• **About this exercise**:
Return the lines of the data below starting at the one holding "How to choose the right chill pill necklace?" and ending at the one holding "motorcycles the instrument", word for word, leaving every picture out.

• **Supplied entries**:
_ _ _ _ _ _ _

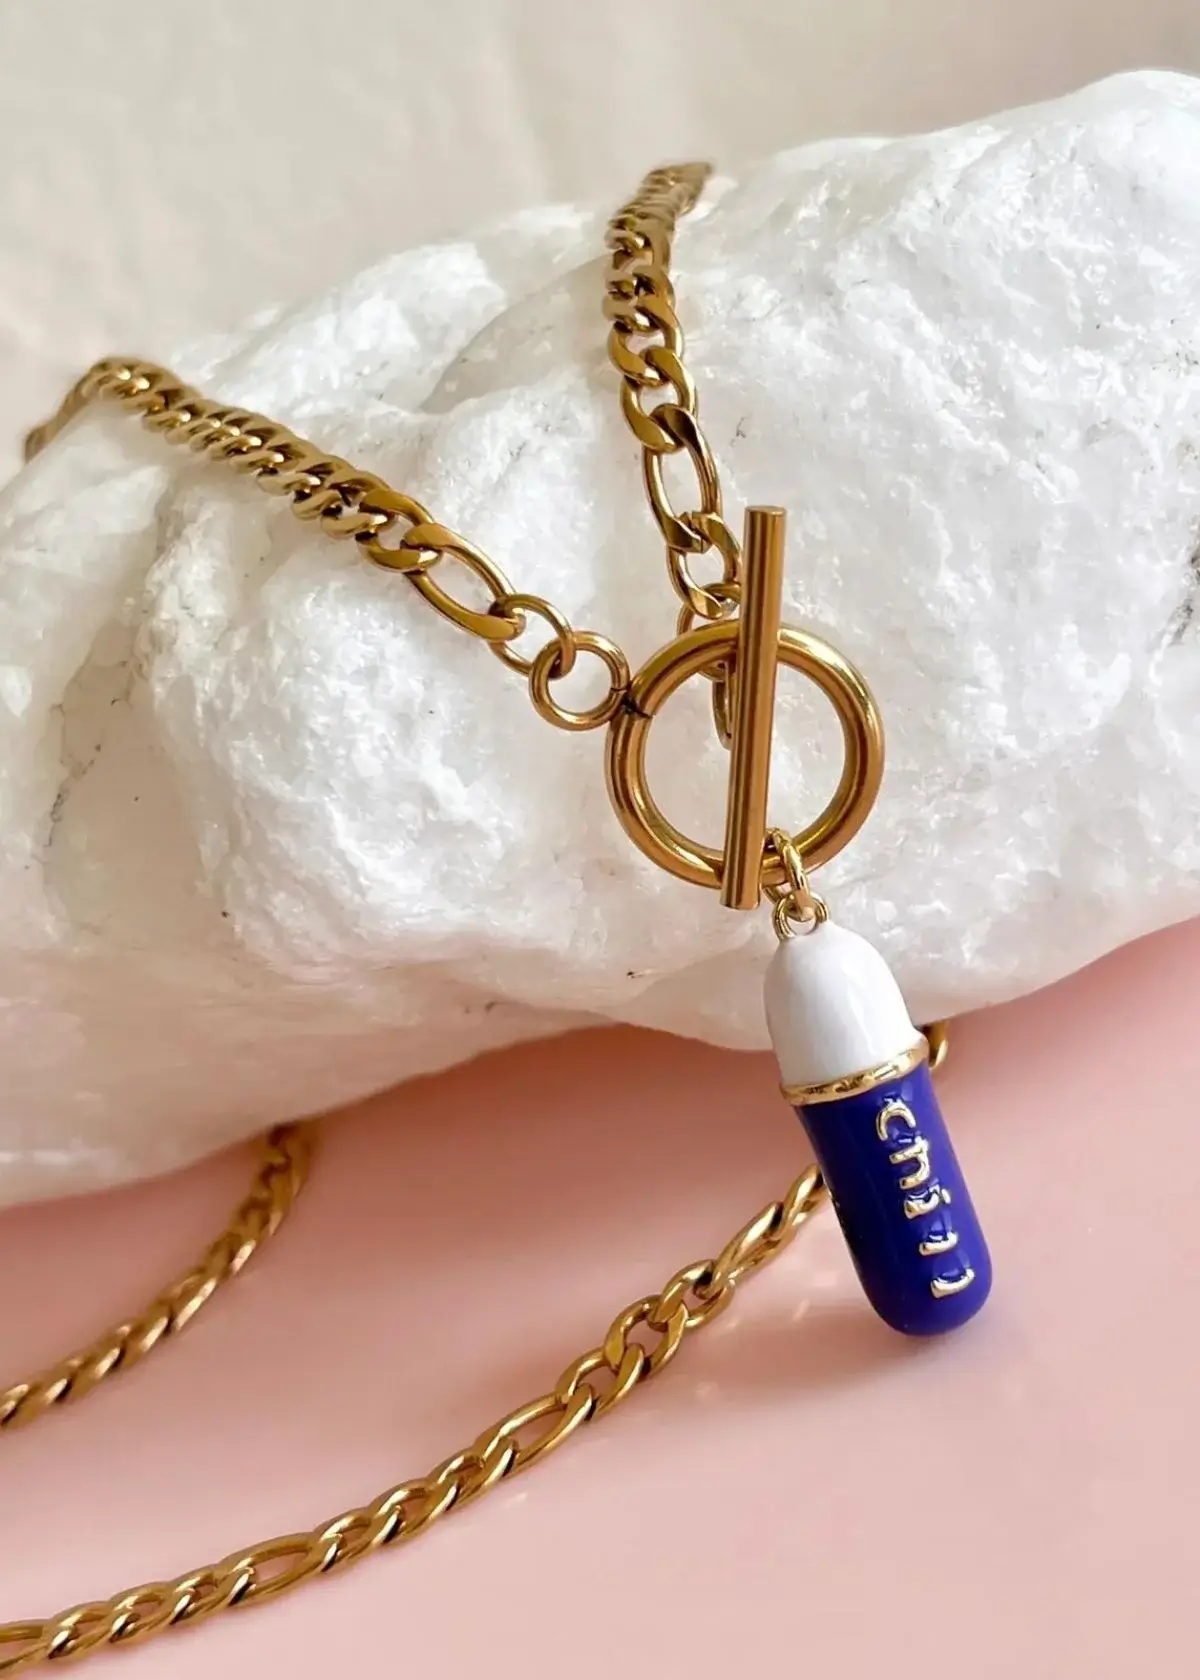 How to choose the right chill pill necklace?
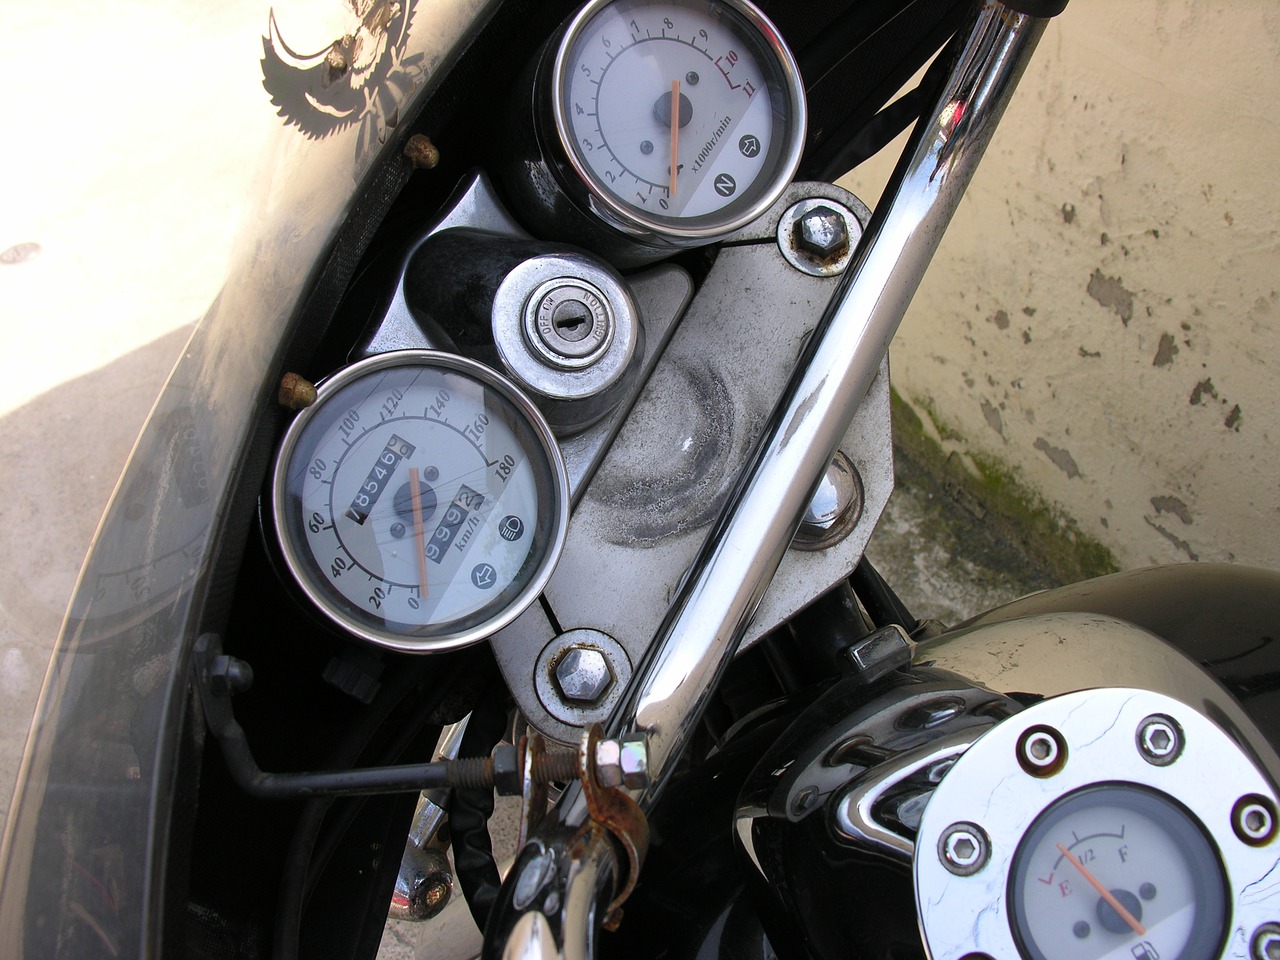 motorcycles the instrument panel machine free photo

_ _ _ _ _ _ _

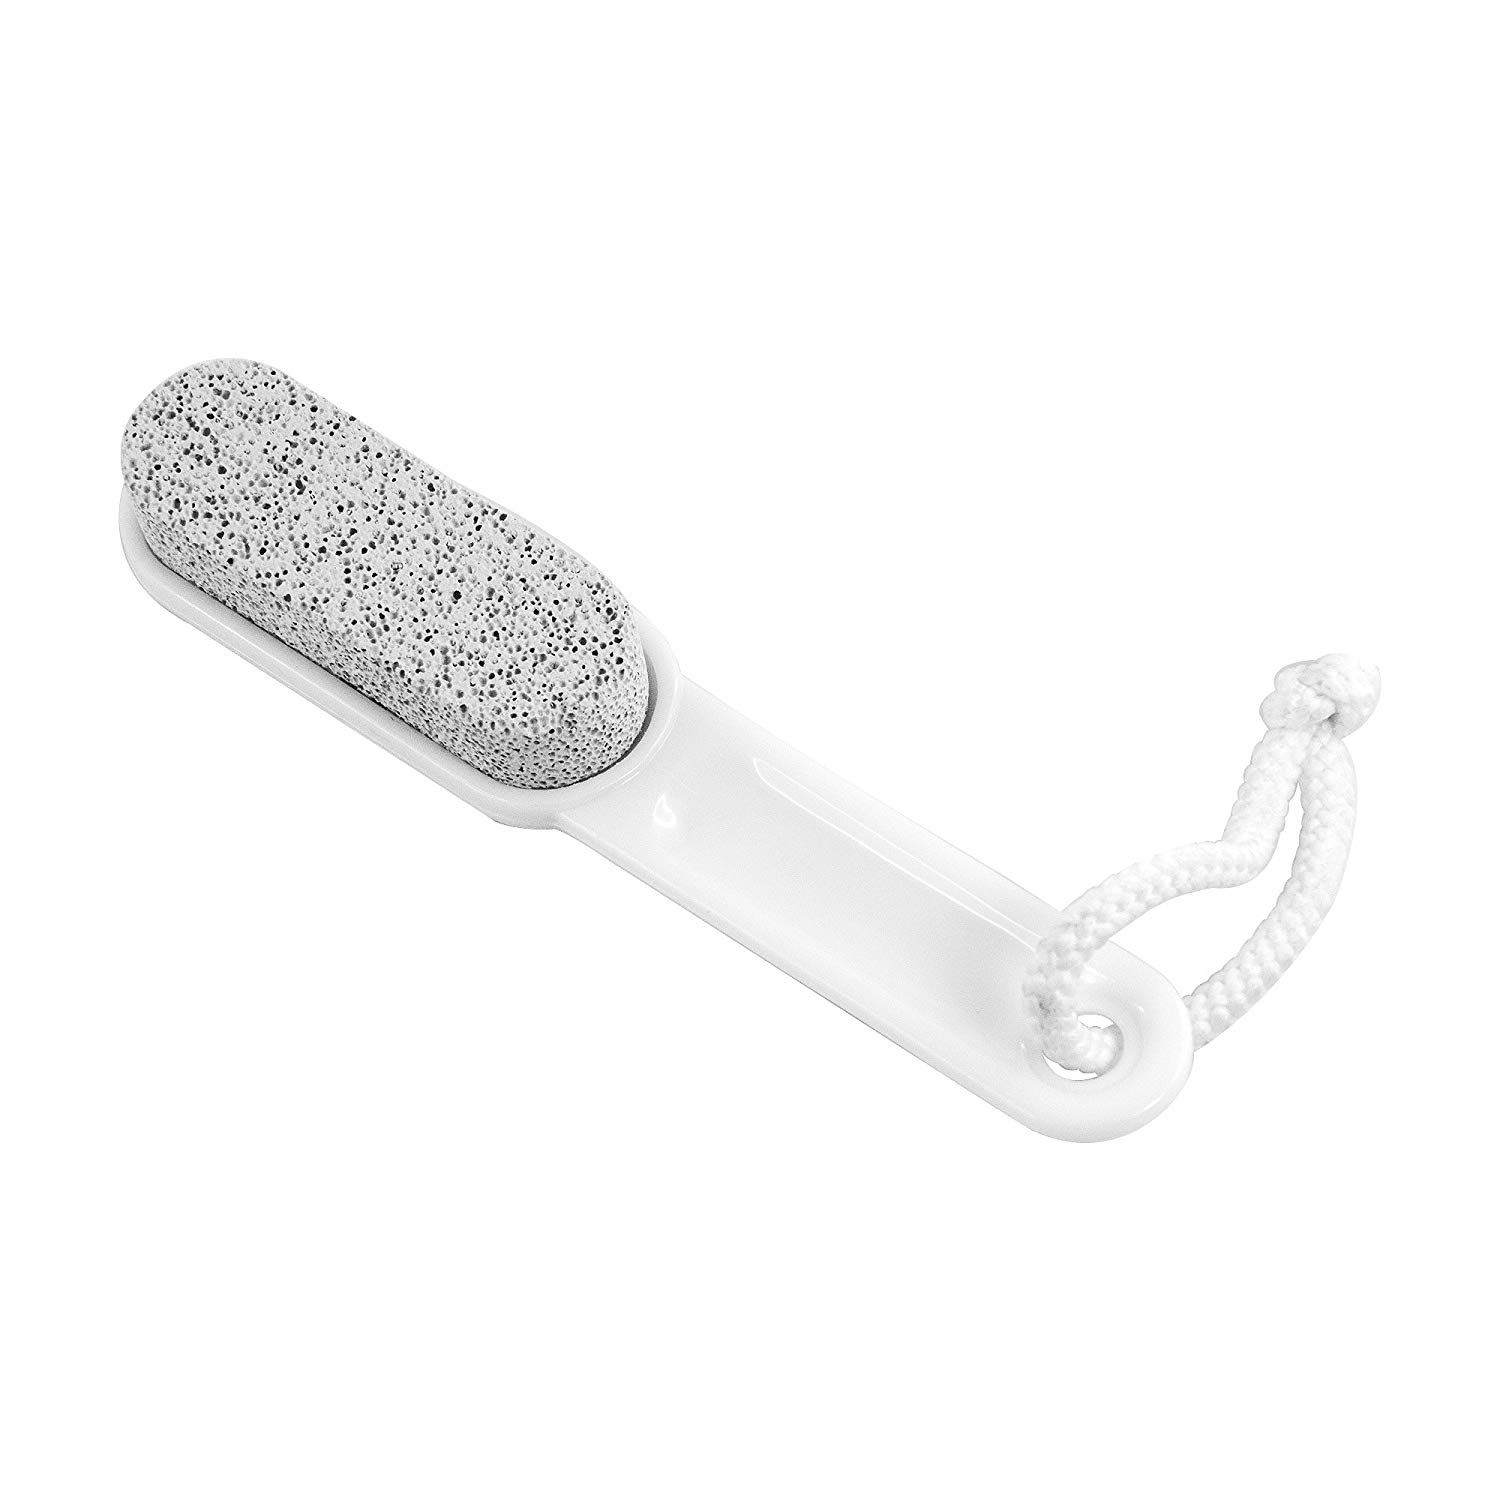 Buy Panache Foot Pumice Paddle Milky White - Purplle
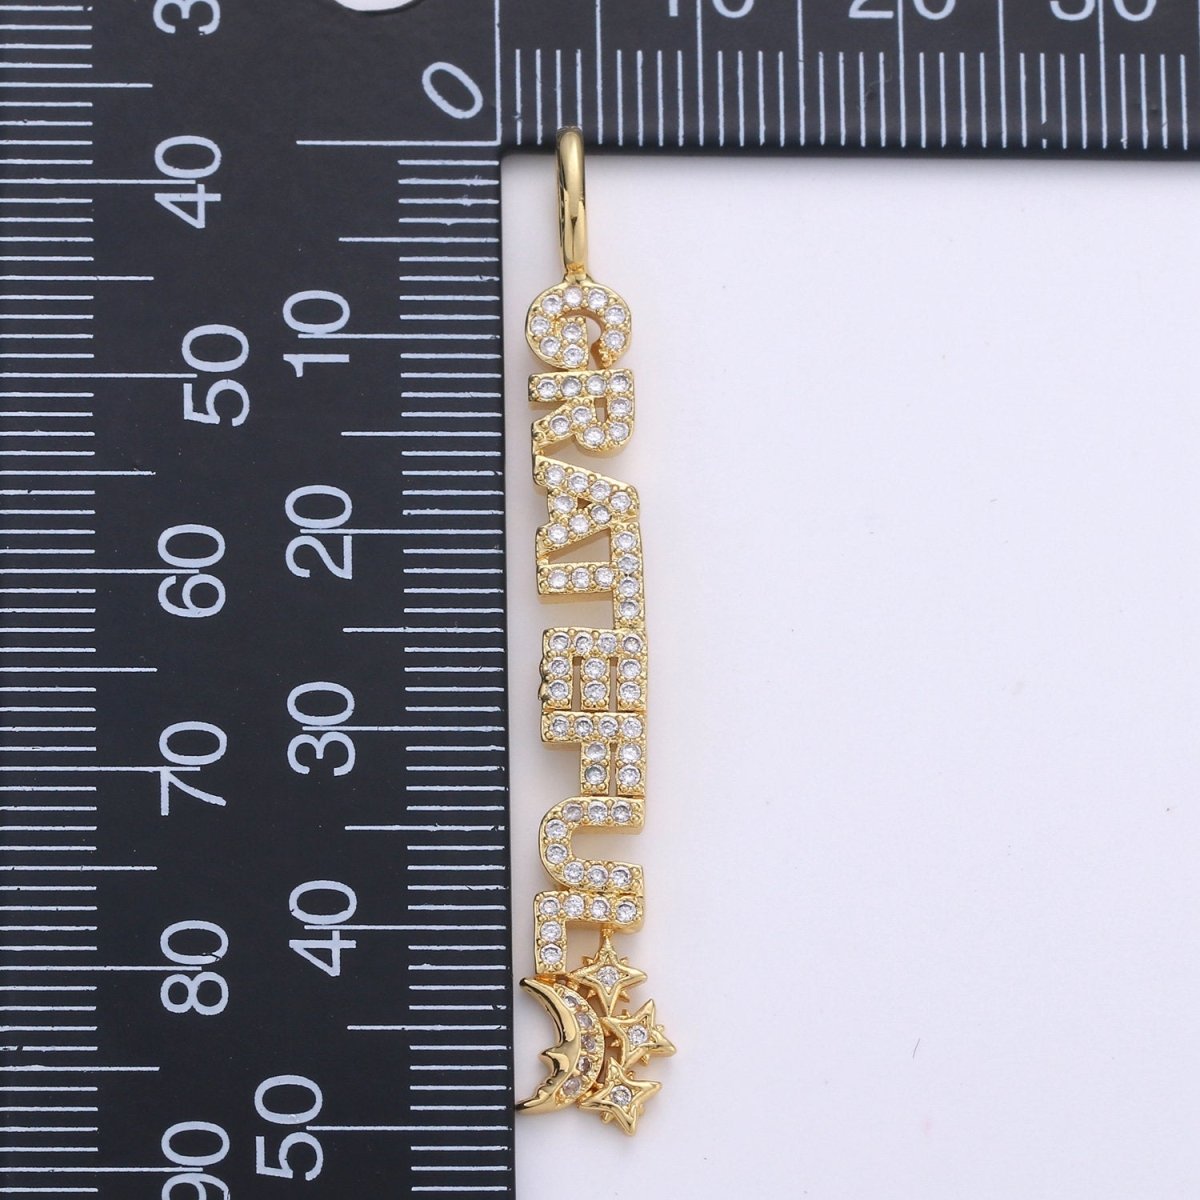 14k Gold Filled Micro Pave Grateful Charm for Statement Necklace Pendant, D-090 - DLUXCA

_ _ _ _ _ _ _

• **Answer for this exercise**:
 How to choose the right chill pill necklace?
 motorcycles the instrument panel machine free photo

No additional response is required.